%%
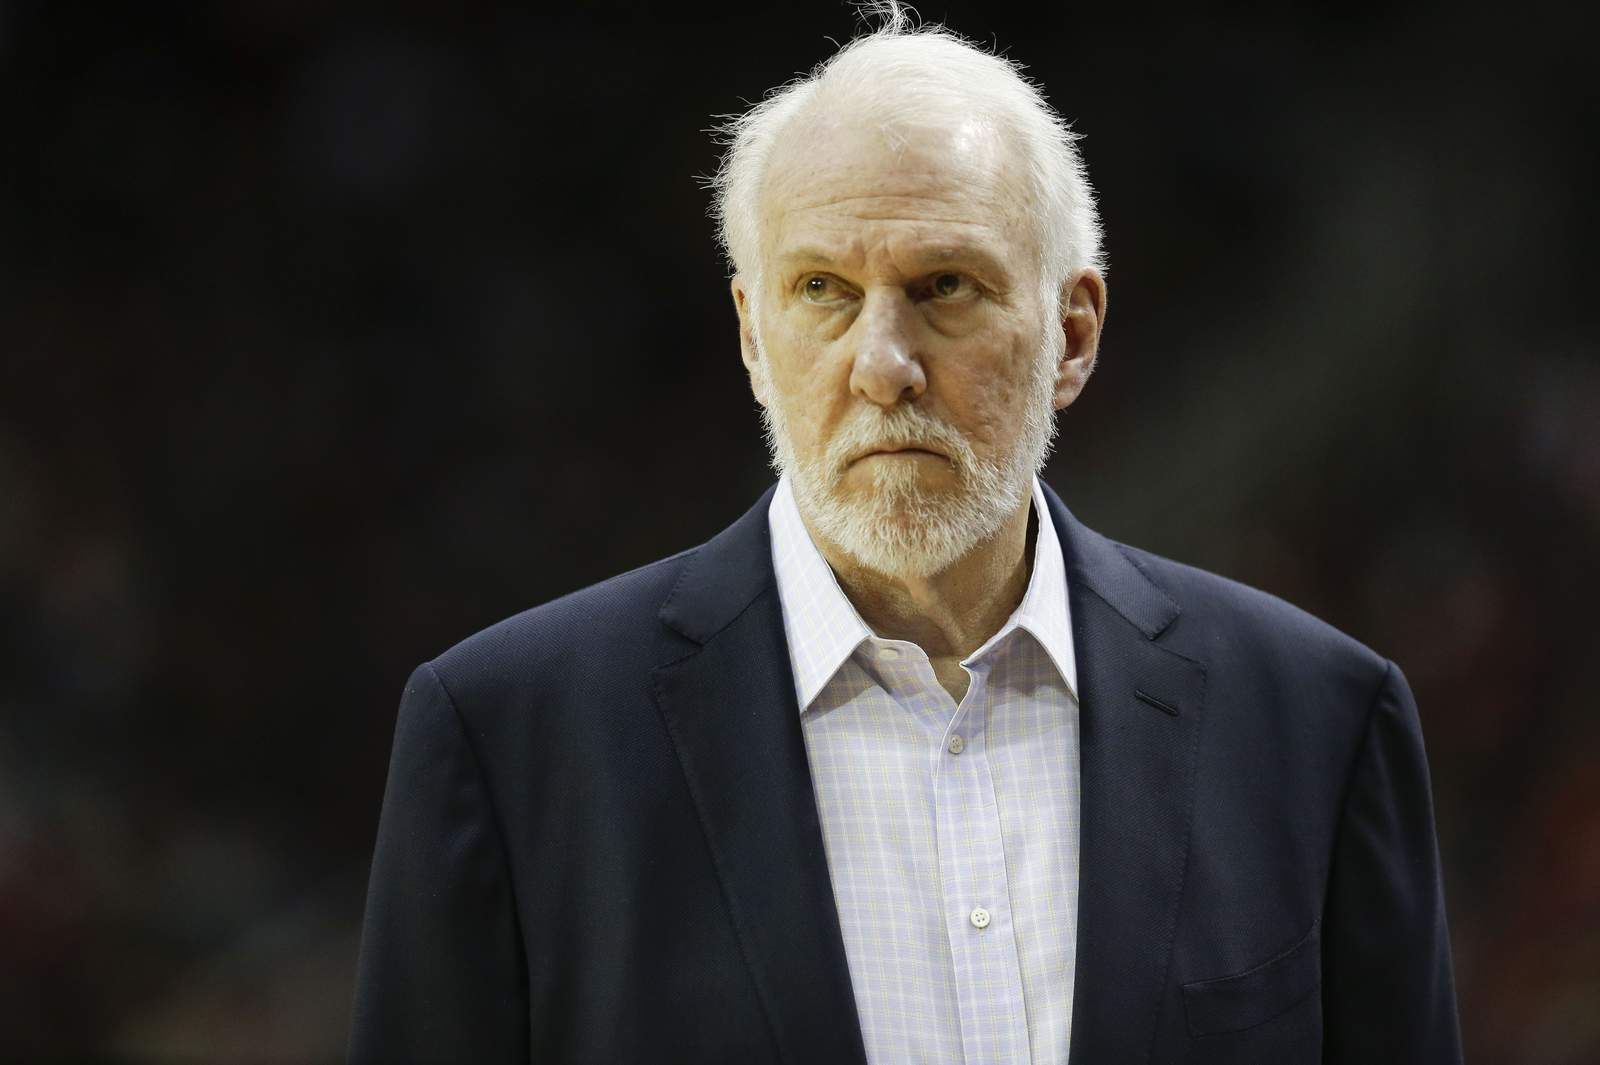 ‘I’m just embarrassed as a white person:' Spurs Coach Gregg Popovich says about George Floyd’s death
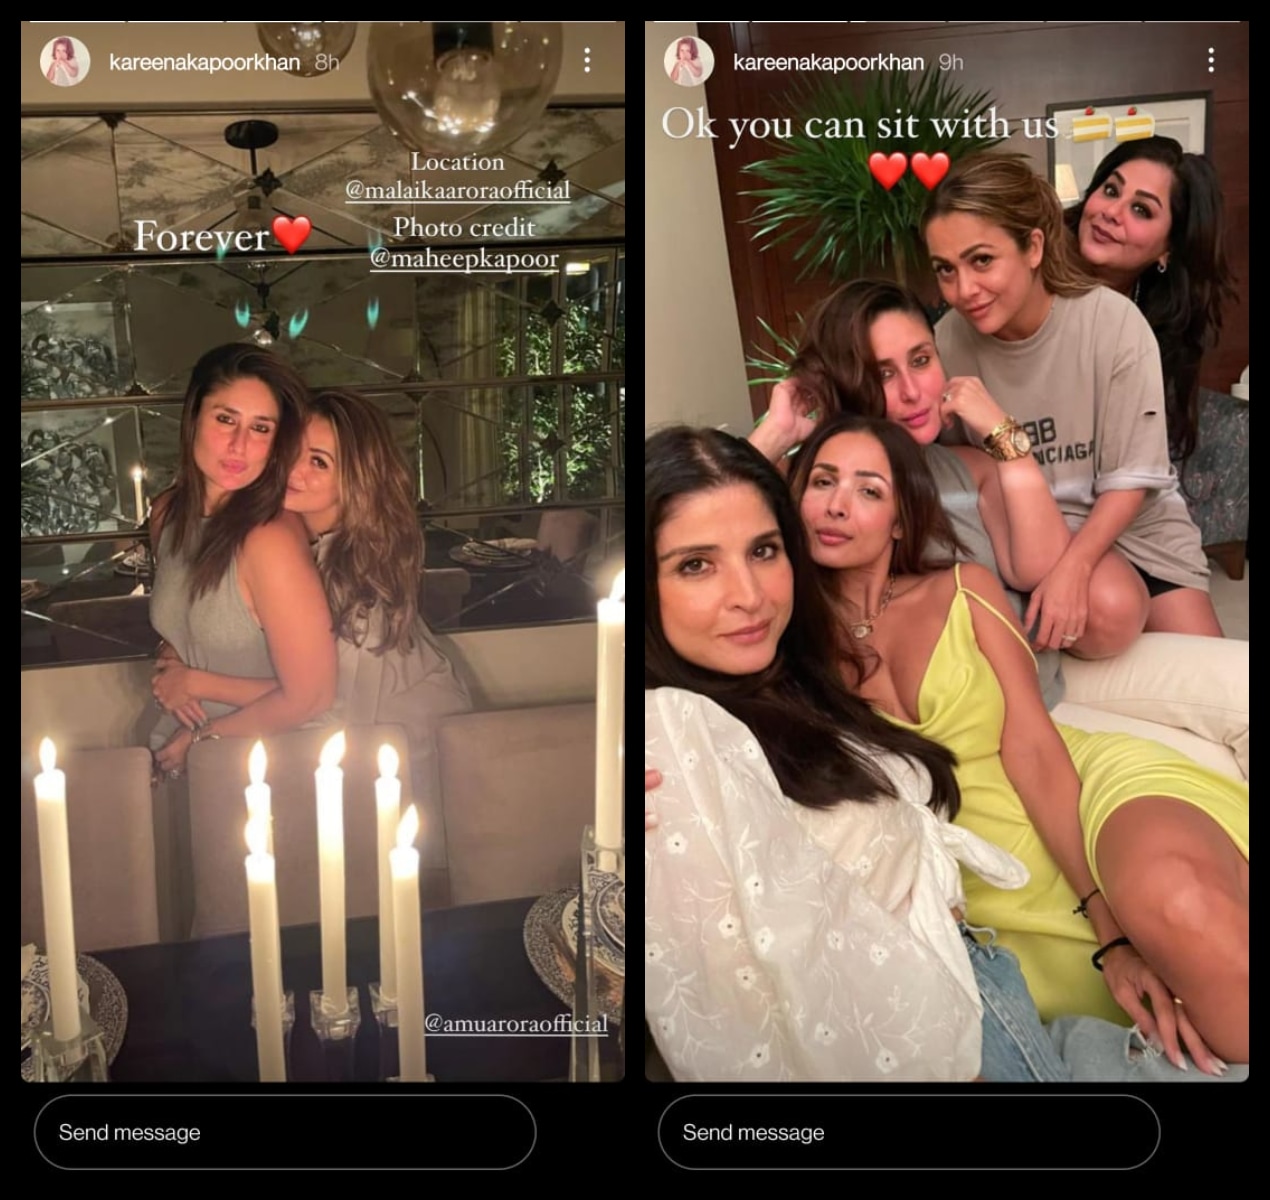 Kareena Kapoor shared pictures from her get-together on Sunday night on Instagram Stories.
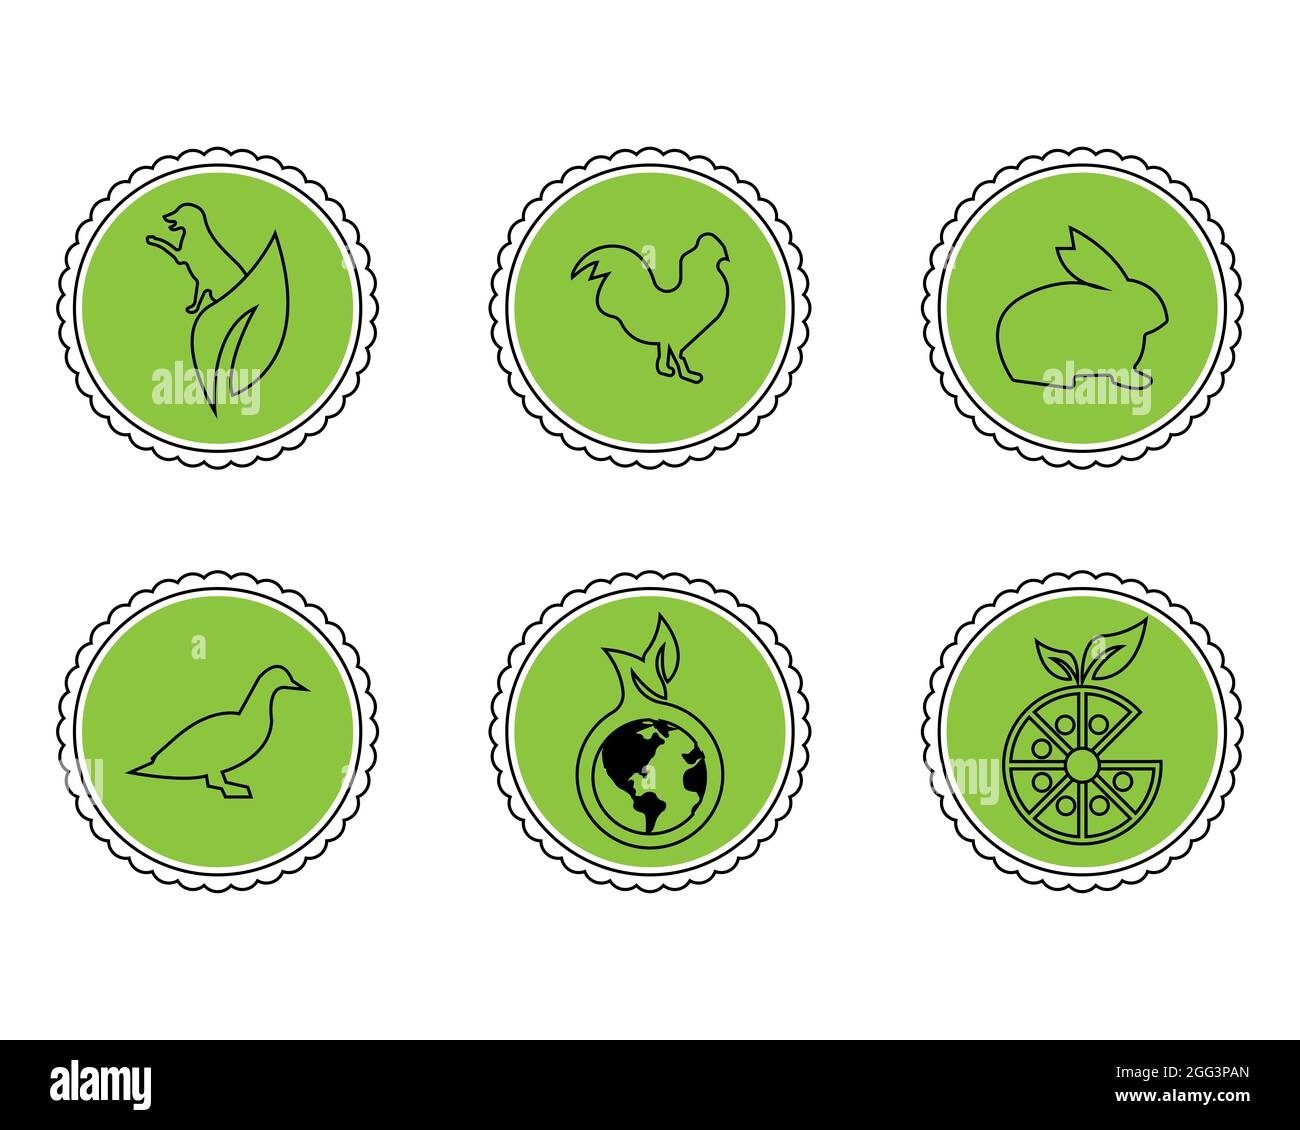 animal line icon set in green circle for food products Stock Photo
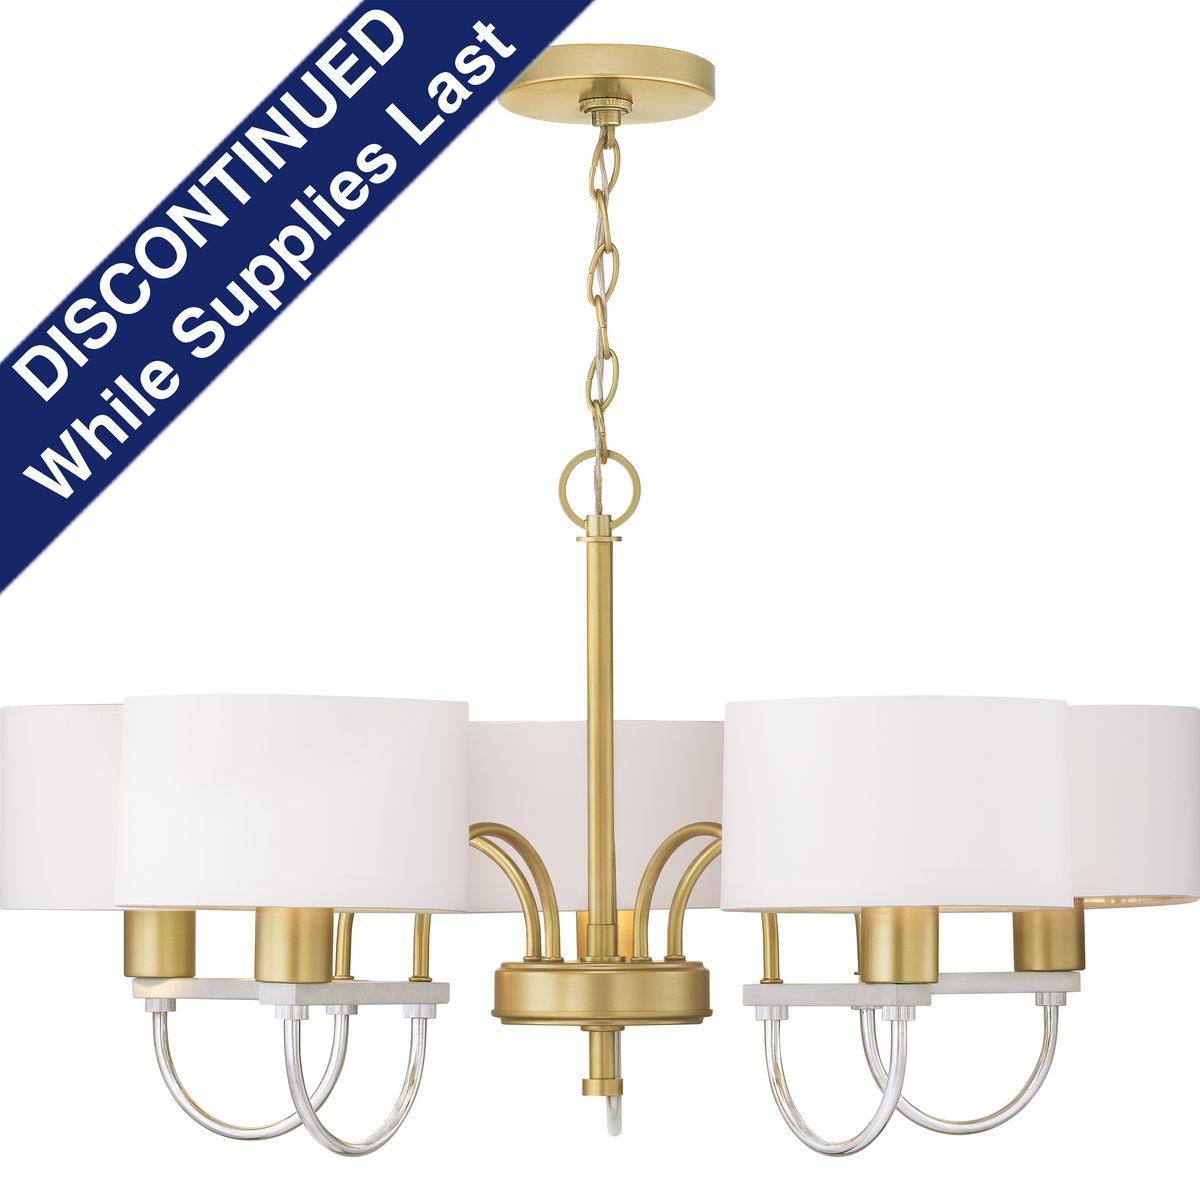 Hubbell P400172-078 The use of mixed media highlights a variety of elegant details are featured in the Rigsby Collection's five-light chandelier. A hint of faux marble appears in the horizontal cross bars, while Vintage Gold and Chrome accents create a dual toned finish. Dec
%%
#### [Required work]
Reproduce the material above exactly, but only from the line with "animal line icon" through its last line, leaving pictures out.

#### [Task result]
 animal line icon set in green circle for food products Stock Photo
 Hubbell P400172-078 The use of mixed media highlights a variety of elegant details are featured in the Rigsby Collection's five-light chandelier. A hint of faux marble appears in the horizontal cross bars, while Vintage Gold and Chrome accents create a dual toned finish. Dec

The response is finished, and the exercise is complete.